1. Clean Your Data as Early as Possible
This seems obvious until you're debugging why your executive dashboard shows different numbers than last week's report.
The mistake I made: I wasn’t being consistent with where transformations were applied. Due to a mix of timing constraints and inefficient modeling, transformations would be applied ad hoc as needed.
The problem: Some transformations happened in silver, others in gold. Case sensitivity was handled differently across layers. Data types were a mess.
When going back and making any changes, as the transformations are applied downstream, whatever you do in one model has to then be replicated in others consistently in others which is inefficient and also prone to bugs.
What I do now: Apply all cleaning and standardization at the staging layer, right after ingestion. Every downstream model inherits the same clean, consistent data. The staging layer is 1-1 with source, and should be responsible for light transformations and cleaning.
2. The Simplest Solution Usually Wins - Make the most of your toolbox.
If the tools you are using already have good functionality and features, use them.
Sometimes it can be tempting to over architect and implement solutions from zero, however the reality is that this take time away from the more important work you could be doing impacting business decisions, and it will be less reliable than deployed features from organisations with tens or hundreds of engineers.
DBT Macros are a great example of this.
Reality check: Your future self (and your teammates) will thank you for boring, predictable solutions over architectural masterpieces in the long run.
3. Don't Repeat Yourself (Especially in Data Transformations)
Every time you copy-paste transformation logic, you're creating a future bug.
Different teams will modify their copies differently.
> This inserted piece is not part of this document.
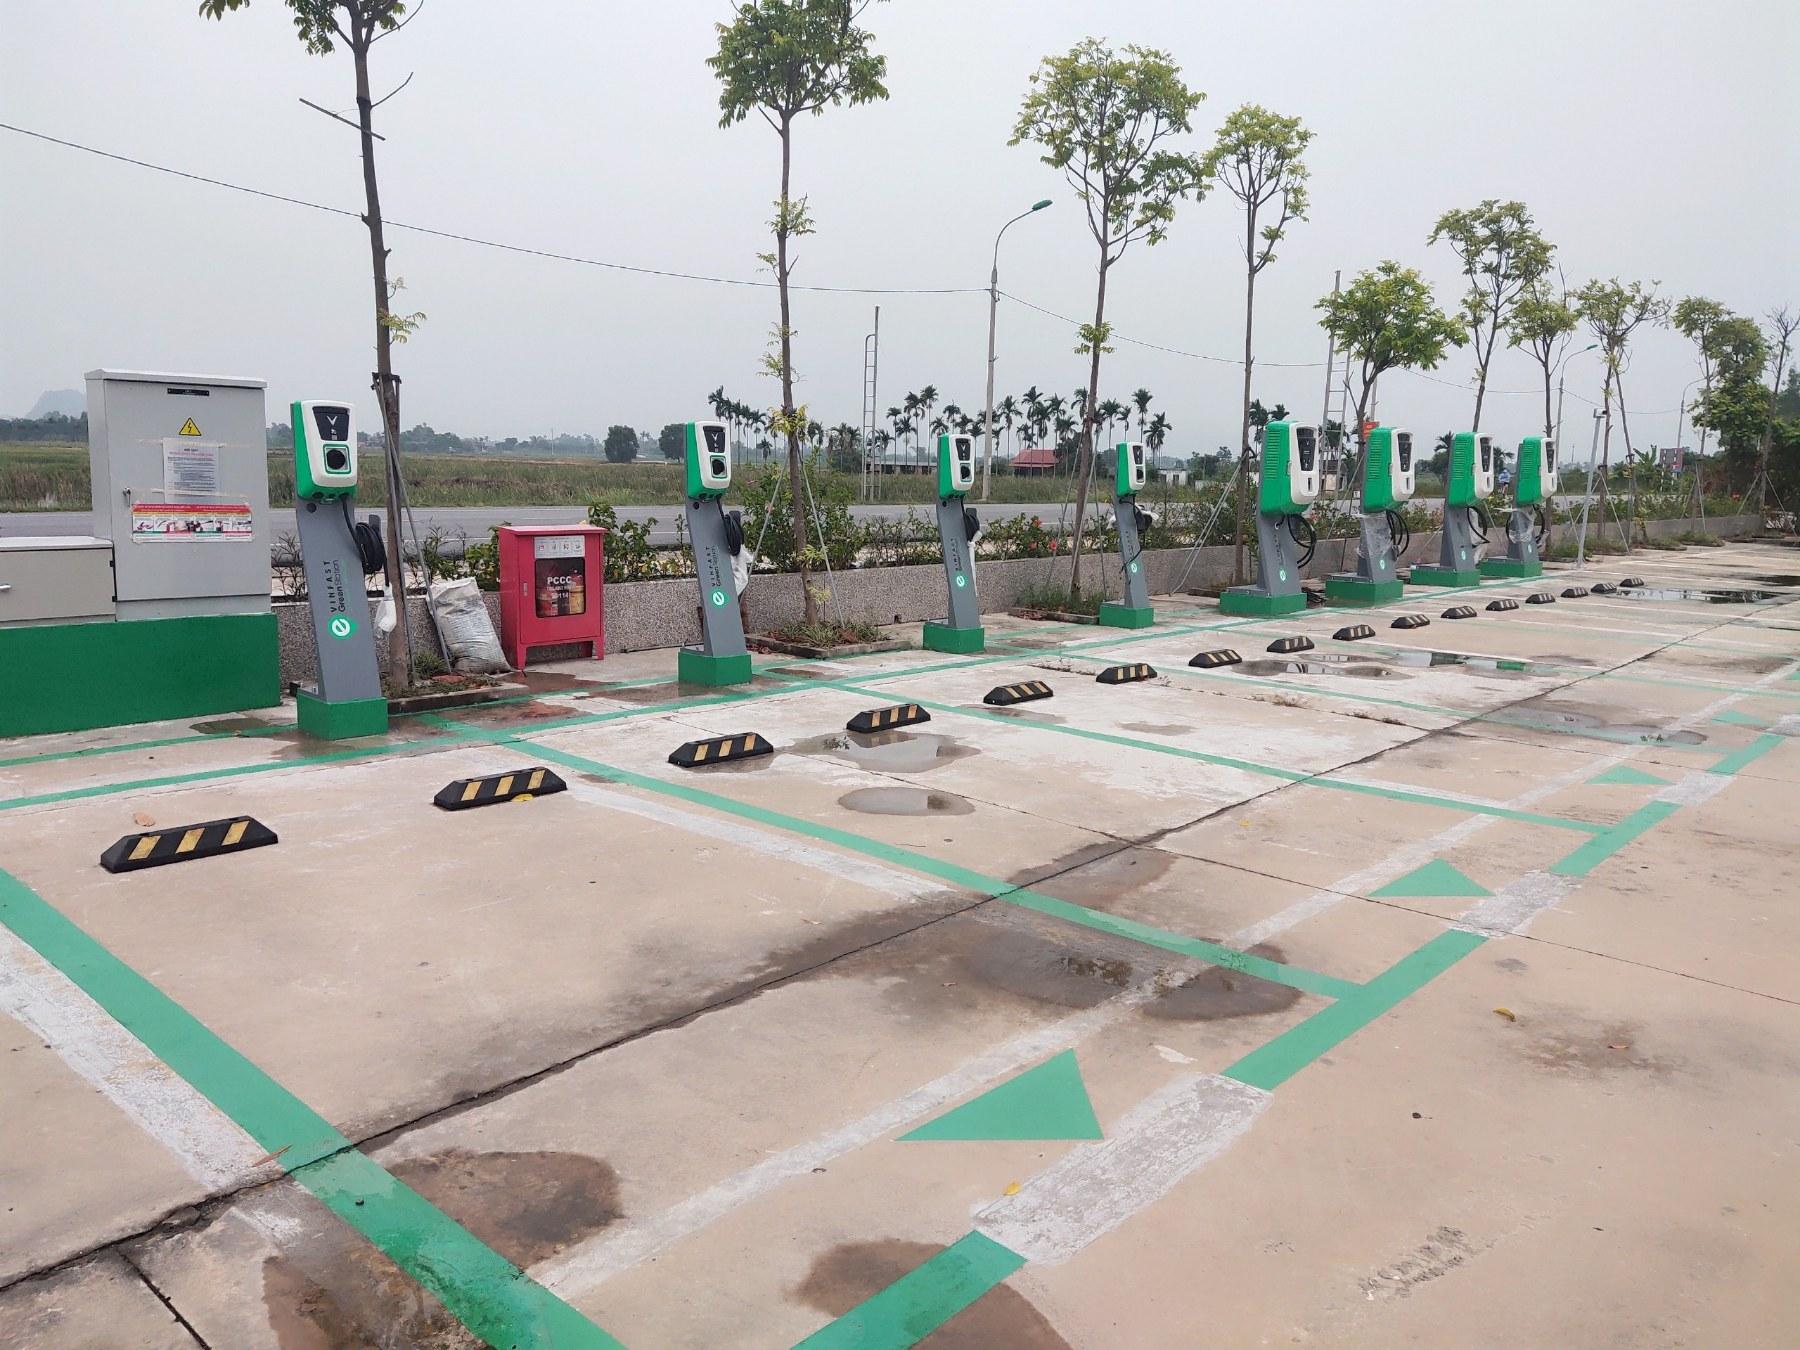 VinFast lắp đặt thần tốc hơn 8.100 cổng sạc ô tô, xe máy điện tại 60 tỉnh thành - Ảnh 5.

Data definitions will drift.
This can be better illustrated with a quick example.
Route 1: Strings are cleaned downstream by individual teams.
Route 2: Strings are standardised and cleaned upstream with a shared macro.
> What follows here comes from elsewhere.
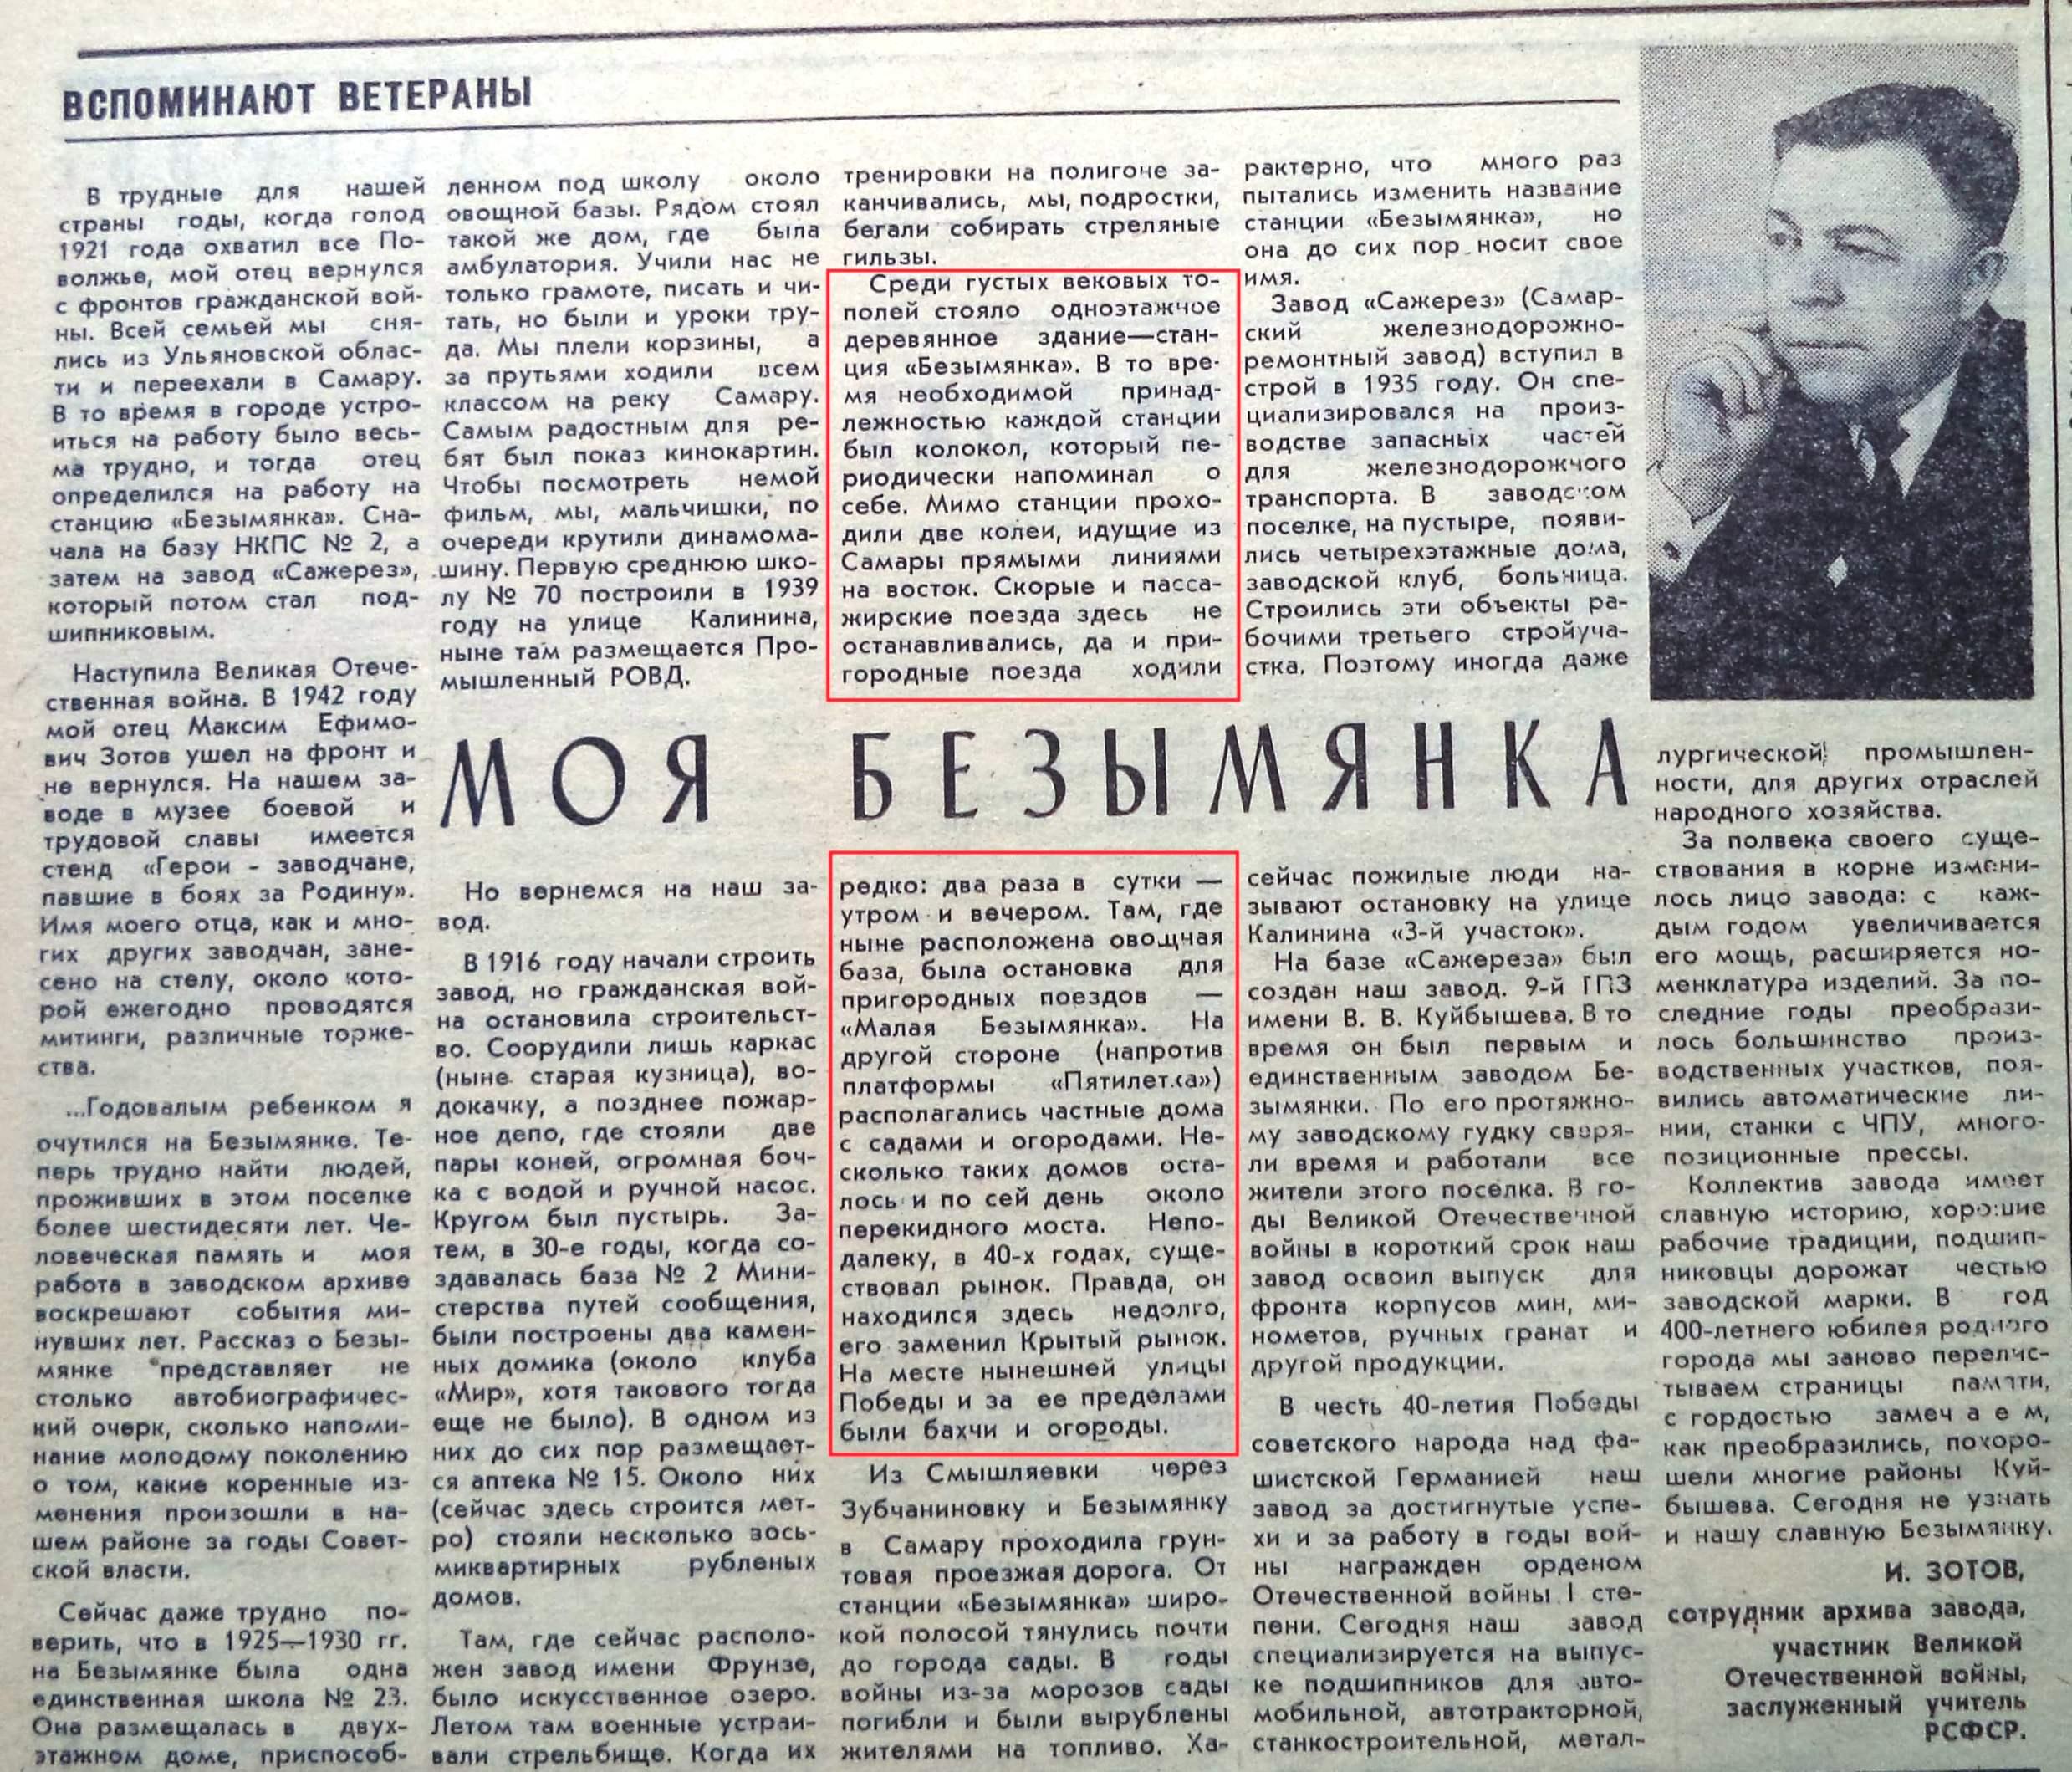 Рыночная-ФОТО-04-Ленинское Знамя-1986-13 июня-min

If in route 1, any discrepancy arises between teams, models will begin to break and it will be difficult to debug why. Not only that but there is going to be more ode than necessary.
Stick with route 2.
This is where DBT macros become your best friend.
A Macro That Saves Me Hours Every Week
Here's a string cleaning macro I use across my staging models.
{% macro clean_string(column_name, nullify_empty=true) %}
{% if nullify_empty %}
CASE
WHEN {{ column_name }} IS NULL OR TRIM({{ column_name }}) = ''
THEN NULL
ELSE UPPER(TRIM({{ column_name }))
END
{% else %}
UPPER(TRIM({{ column_name }))
{% endif %}
{% endmacro %}
Why this works
Handles nulls and empty strings consistently
Standardizes case and removes whitespace
One definition, used everywhere
No more "why is this customer showing up twice?" debugging sessions
Usage Example
SELECT
{{ clean_string('customer_name') }} as customer_name,
{{ clean_string('product_category', false) }} as category
FROM raw_sales
What lessons have you learned the hard way? I'm always curious about other engineers' war stories.